| Problem statement |
Make an exact copy of the listing below. Pictures stay out of it.

| Collected data |
------------------------------------------------

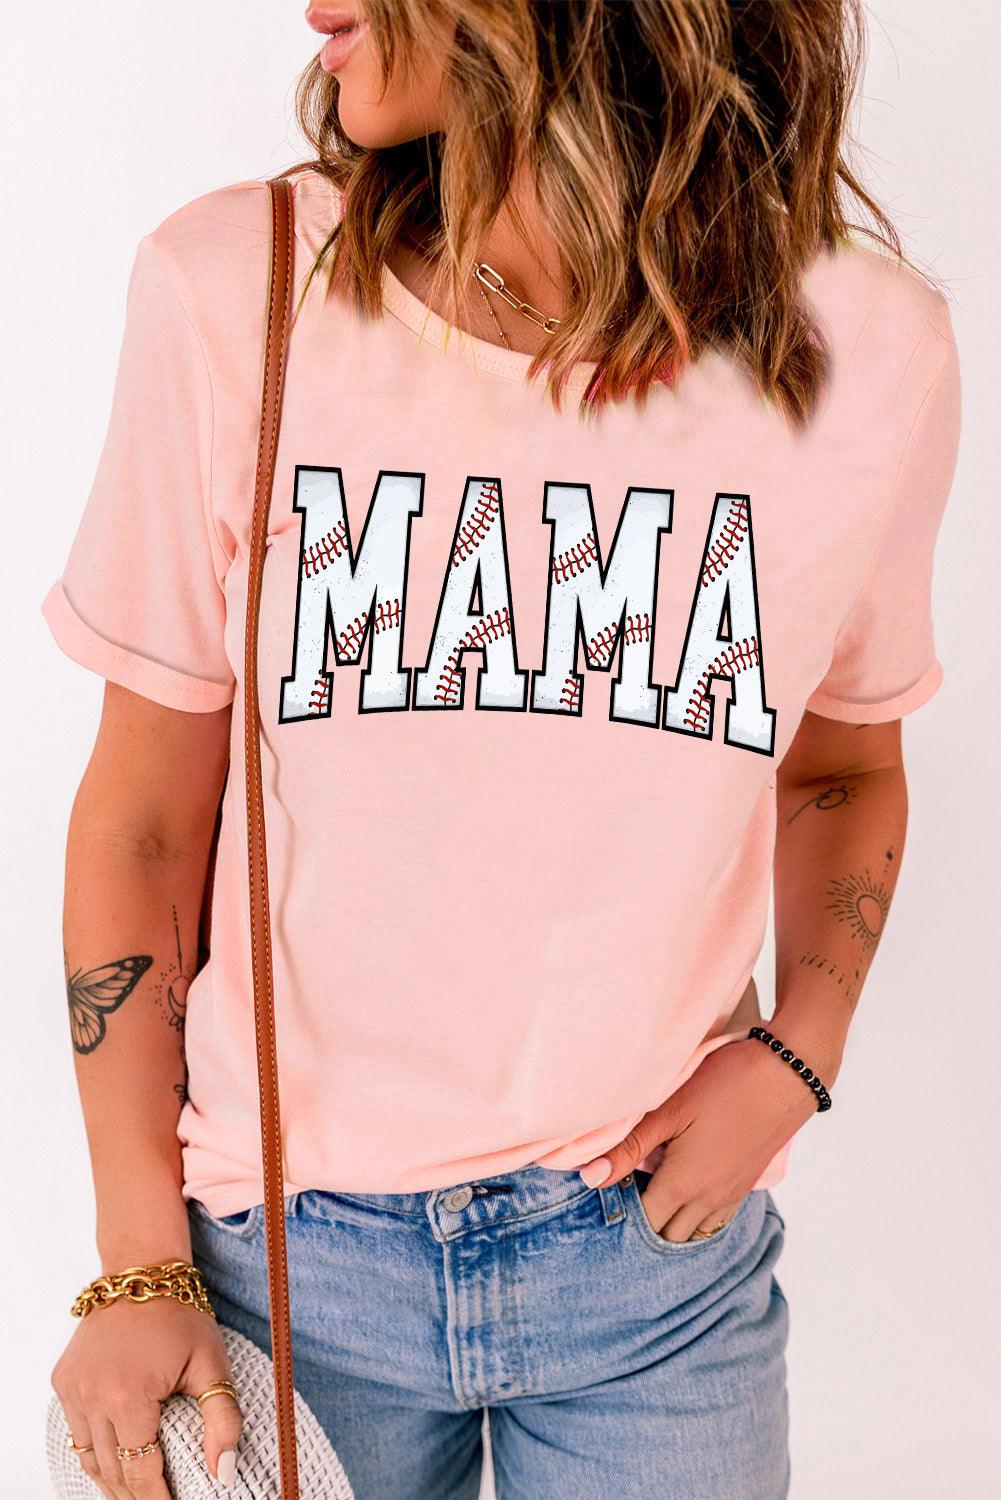 Pink Rugby MAMA Graphic Cuffed T-shirt - L & M Kee, LLC
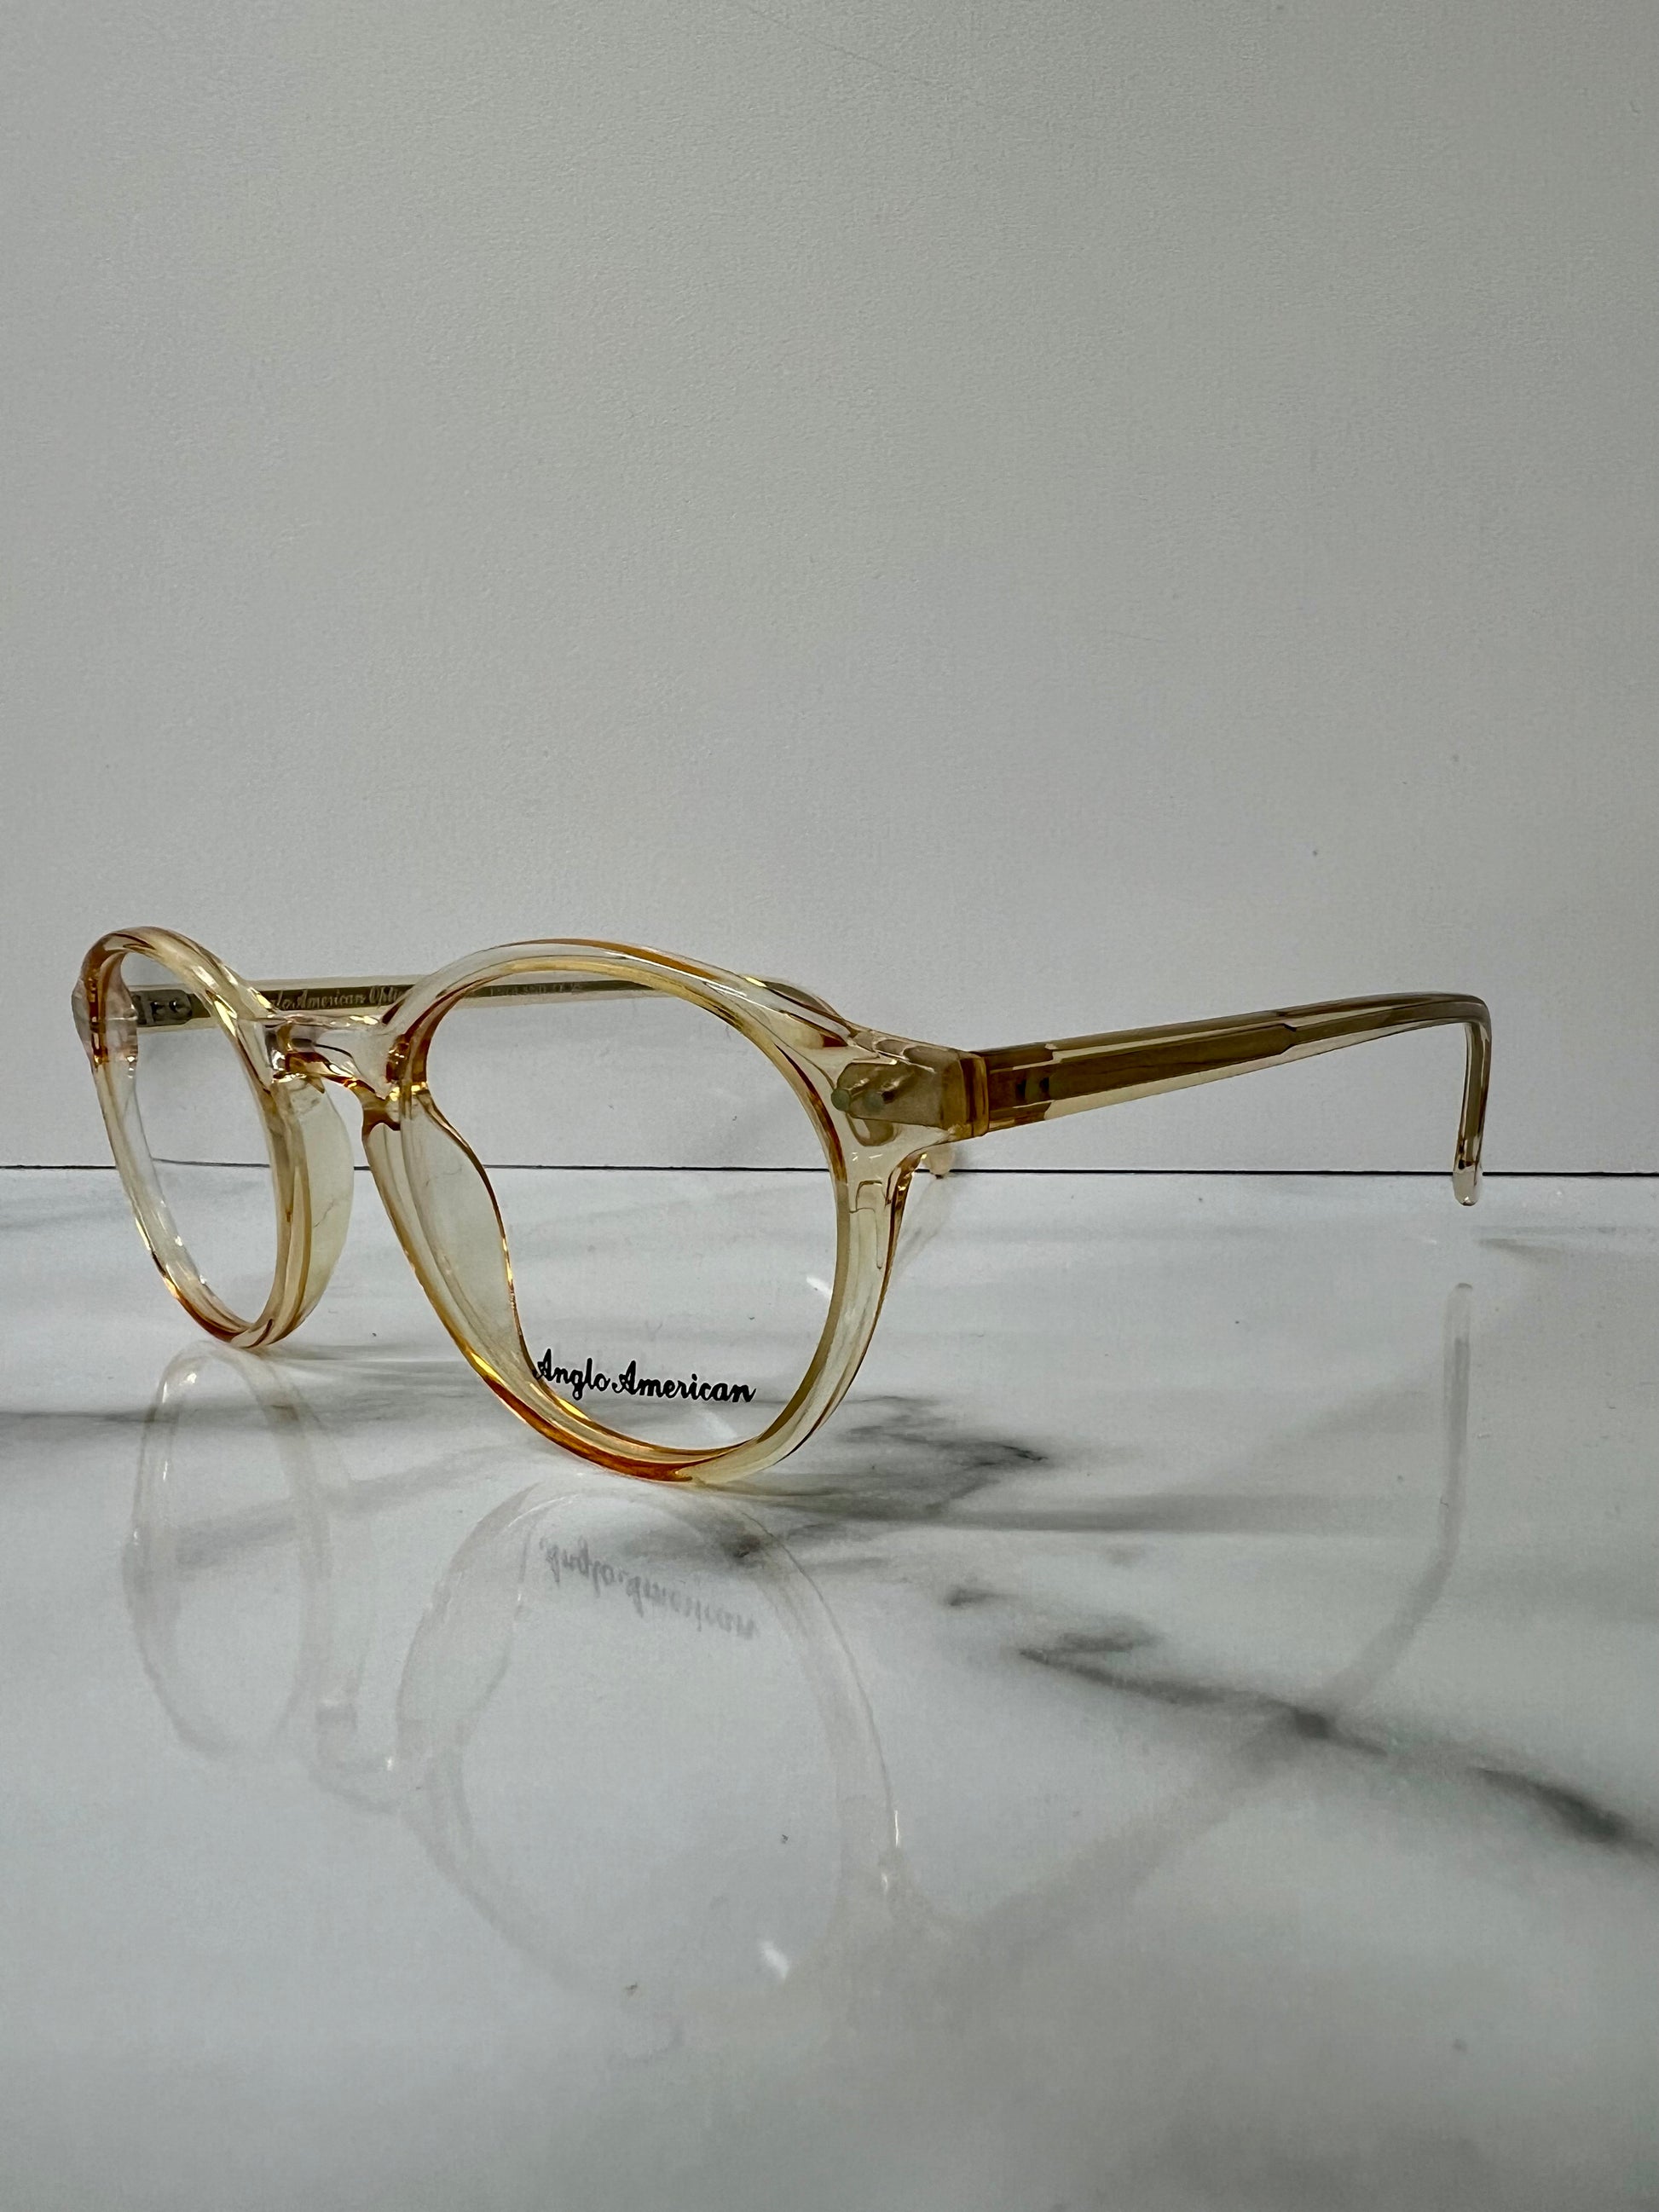 Anglo American 406 Optical Glasses Clear Champagne England Designer Eyeglasses
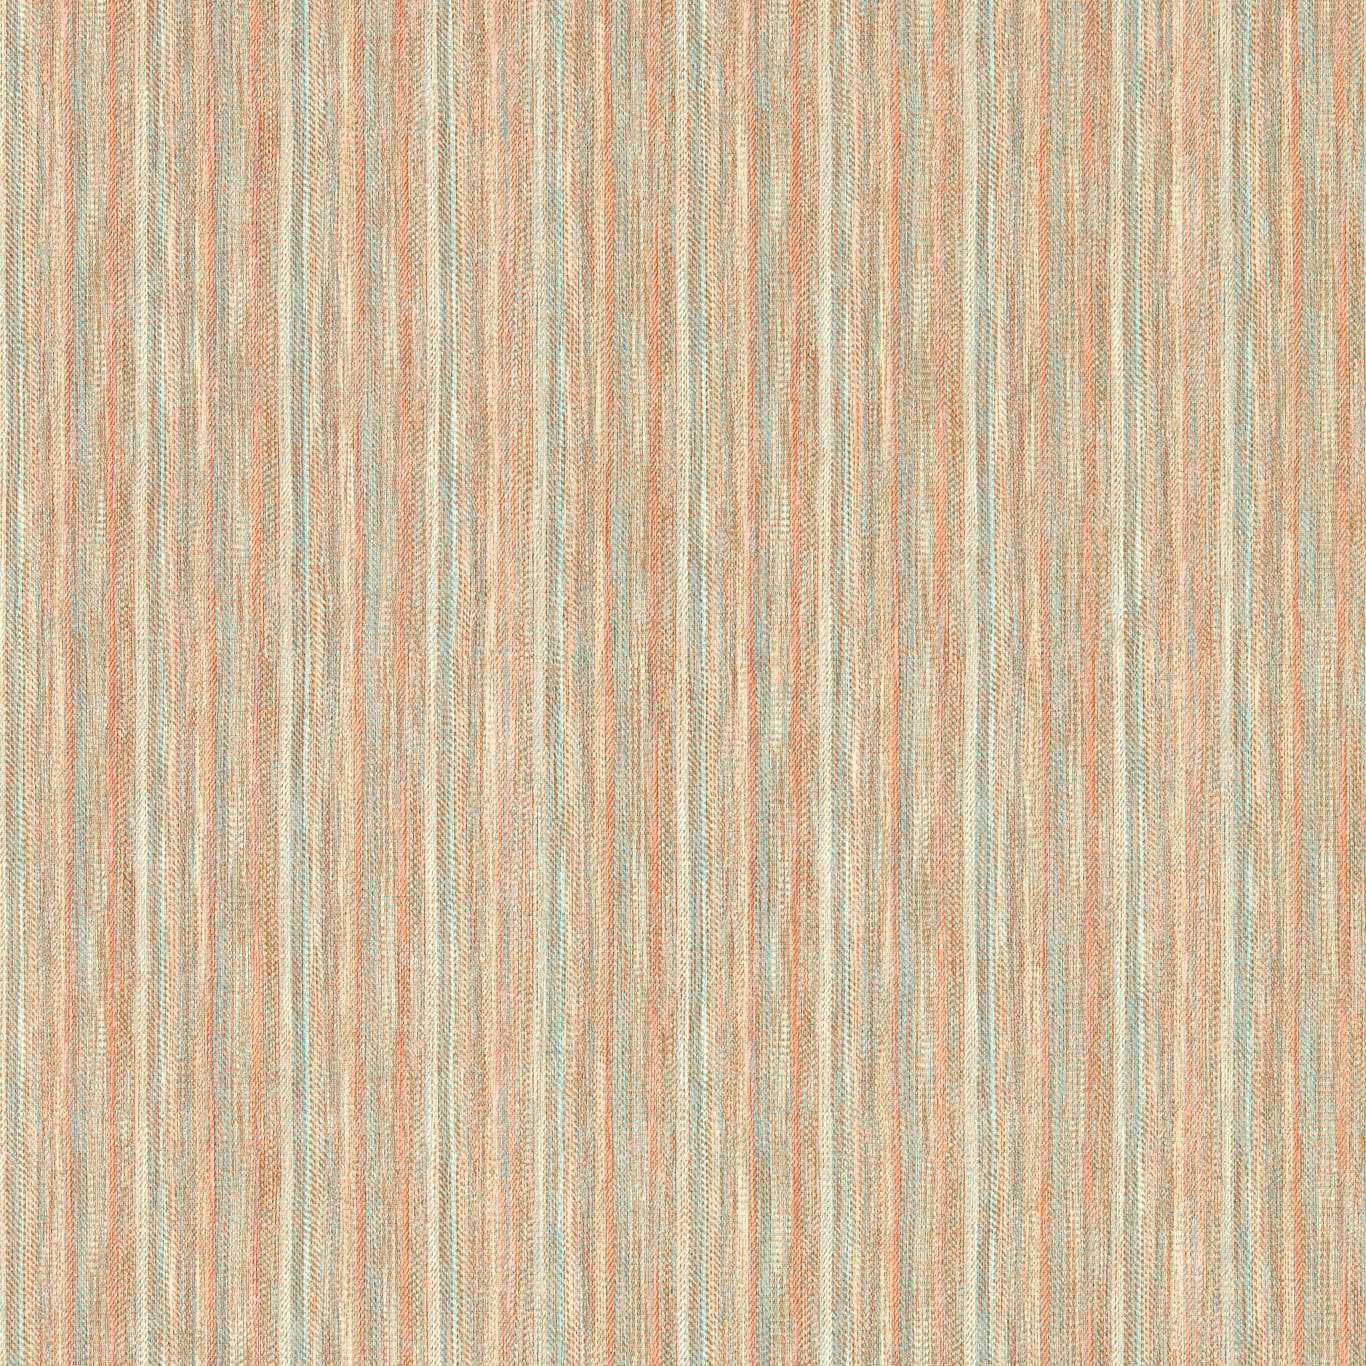 Palla Rosewood/Seaglass Wallpaper by HAR

------------------------------------------------

| Response |
 Pink Rugby MAMA Graphic Cuffed T-shirt - L & M Kee, LLC
 Anglo American 406 Optical Glasses Clear Champagne England Designer Eyeglasses
 Palla Rosewood/Seaglass Wallpaper by HAR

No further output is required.